* **GOAL OF THE EXERCISE**
Retype the data below verbatim; pictures do not belong in the copy.

* **DATASET EXTRACT**
Start of Block

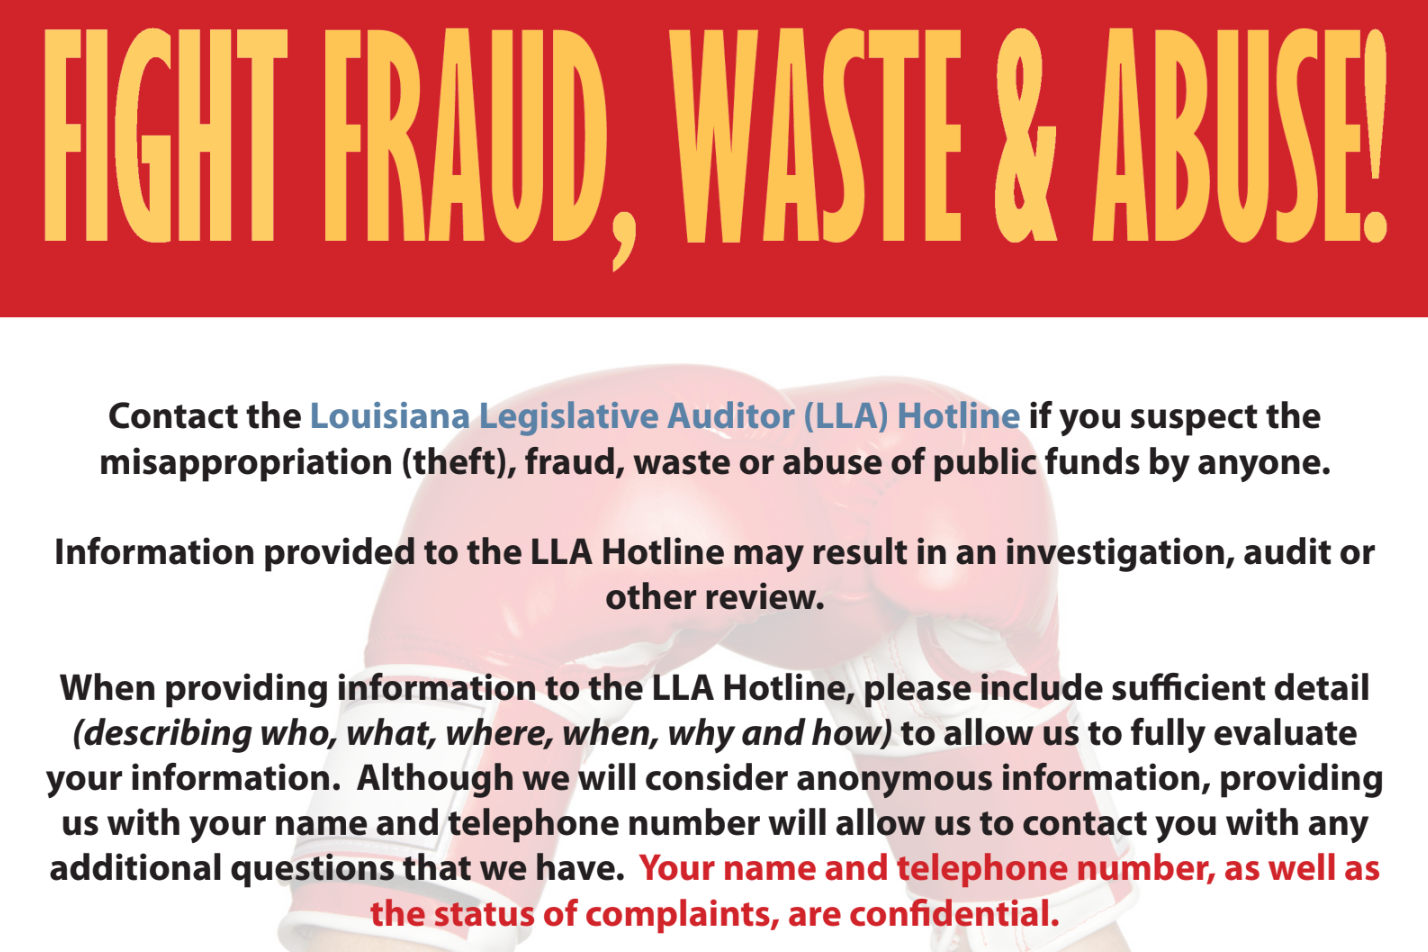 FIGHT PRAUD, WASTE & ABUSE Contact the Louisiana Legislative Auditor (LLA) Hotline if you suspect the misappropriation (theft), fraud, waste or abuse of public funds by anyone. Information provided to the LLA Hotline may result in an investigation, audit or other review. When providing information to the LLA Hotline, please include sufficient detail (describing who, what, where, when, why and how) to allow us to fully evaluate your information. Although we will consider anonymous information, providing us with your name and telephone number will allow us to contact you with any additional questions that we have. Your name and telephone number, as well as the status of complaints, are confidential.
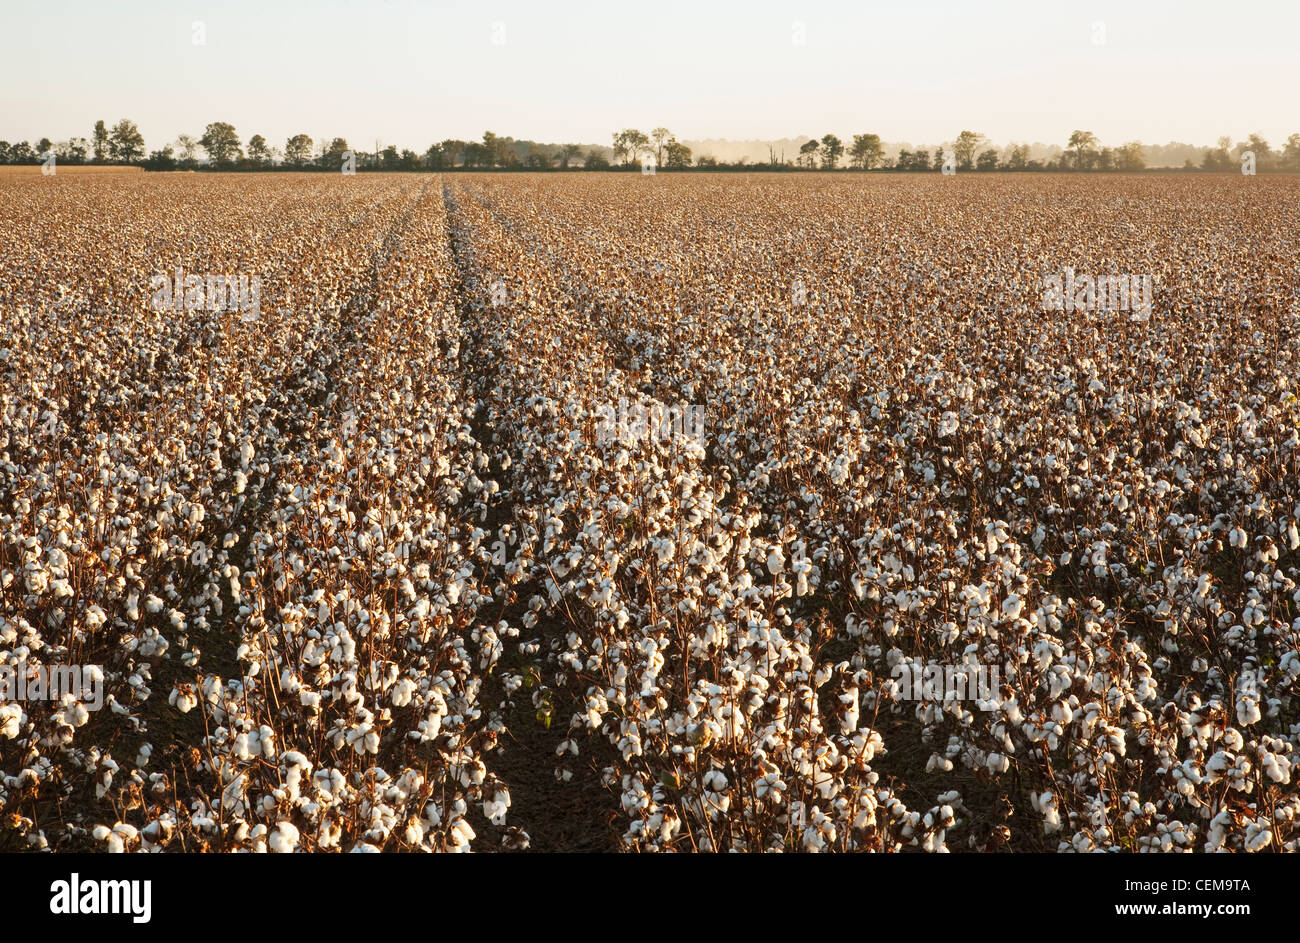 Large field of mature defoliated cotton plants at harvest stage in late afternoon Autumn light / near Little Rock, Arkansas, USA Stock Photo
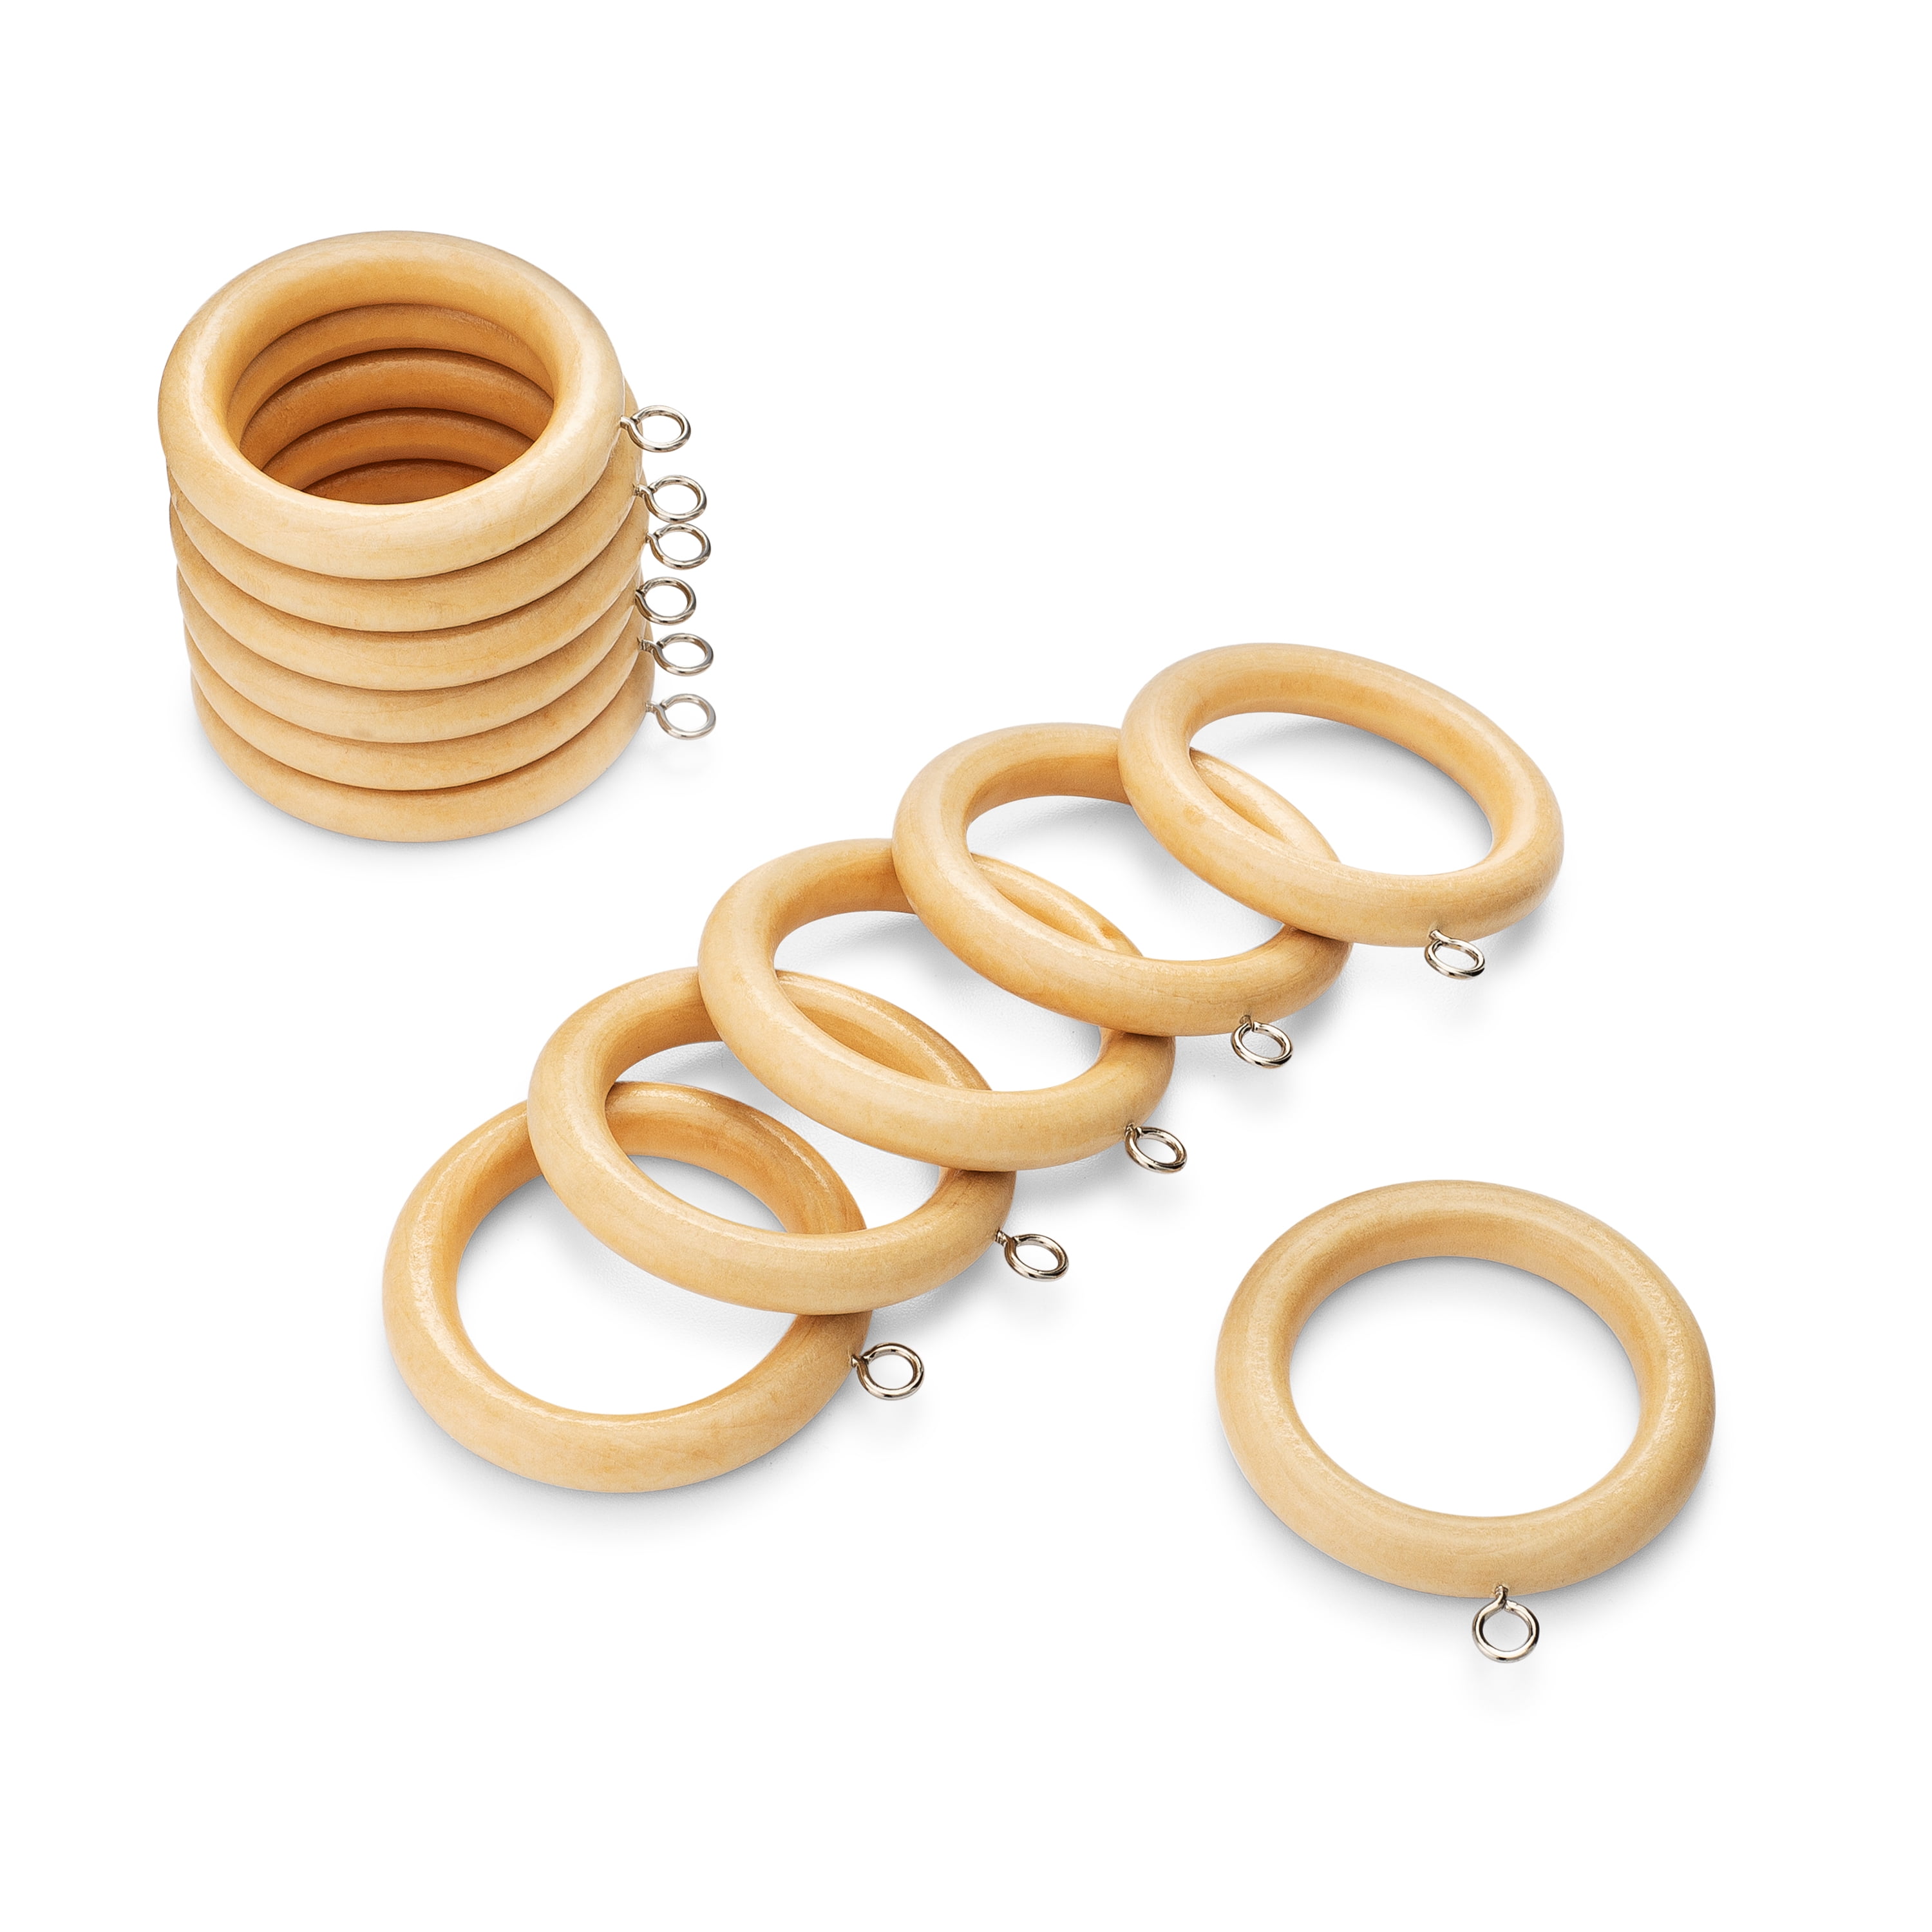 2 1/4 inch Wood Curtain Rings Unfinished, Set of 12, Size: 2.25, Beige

End of Block

* **RESULT OF THE TASK**
 FIGHT PRAUD, WASTE & ABUSE Contact the Louisiana Legislative Auditor (LLA) Hotline if you suspect the misappropriation (theft), fraud, waste or abuse of public funds by anyone. Information provided to the LLA Hotline may result in an investigation, audit or other review. When providing information to the LLA Hotline, please include sufficient detail (describing who, what, where, when, why and how) to allow us to fully evaluate your information. Although we will consider anonymous information, providing us with your name and telephone number will allow us to contact you with any additional questions that we have. Your name and telephone number, as well as the status of complaints, are confidential.
 Large field of mature defoliated cotton plants at harvest stage in late afternoon Autumn light / near Little Rock, Arkansas, USA Stock Photo
 2 1/4 inch Wood Curtain Rings Unfinished, Set of 12, Size: 2.25, Beige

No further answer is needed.